(Bloomberg) -- U.S. technology companies urged Japan and South Korea to negotiate a resolution to a dispute that threatens to up-end the global supply chain that the world’s top electronics brands rely on make their products.
Five of America’s largest tech industry groups including the Semiconductor Industry Association, which counts Qualcomm (NASDAQ:QCOM) Inc. and Intel Corp (NASDAQ:INTC). among its members, issued a joint letter to Japanese Economy Minister Hiroshige Seko and South Korean Minister of Trade Yoo Myung-hee. They asked both sides to refrain from escalating their conflict, which flared after Japan slapped restrictions this month on exports to South Korea of three materials vital to the production of chips and cutting-edge screens.
Resurgent tensions between Japan and South Korea threaten to wallop chipmakers from Samsung Electronics (KS:005930) Co. to SK Hynix Inc., upsetting a carefully choreographed global supply chain by smothering the production of memory chips and other components vital to widely used devices.

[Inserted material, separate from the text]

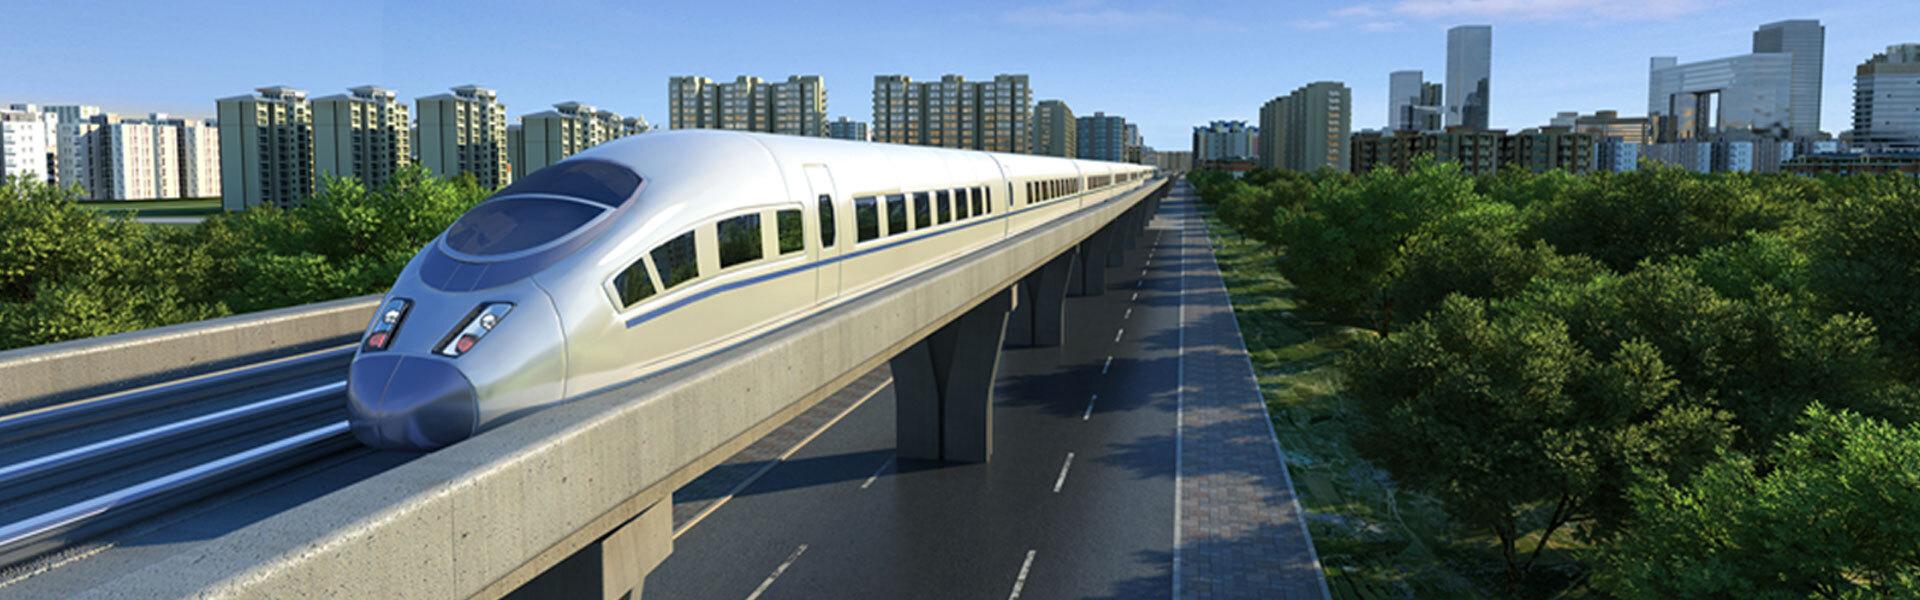 KSCAN-MAGIC三维扫描仪在铁路桥梁检测中的应用

The groups’ letter is well-timed: U.S. National Security Adviser John Bolton is in Seoul Wednesday for wide-ranging talks that come on the same day that marks the end of a public consultation period on whether Japan should exclude South Korea from its so-called “white list” of trusted export destinations treated as presenting no risk of weapons proliferation.
“Japan and South Korea are important players in these global value chains,” the trade groups, which also include the National Association of Manufacturers, wrote. “Non-transparent and unilateral changes in export control policies can cause supply chain disruptions, delays in shipments, and ultimately long-term harm to the companies that operate within and beyond your borders and the workers they employ.”
South Korean suppliers of key materials for chipmakers have surged since Japan unveiled measures targeting its neighbor, buoyed by hopes that they may win new business from key players including Samsung and SK Hynix Inc.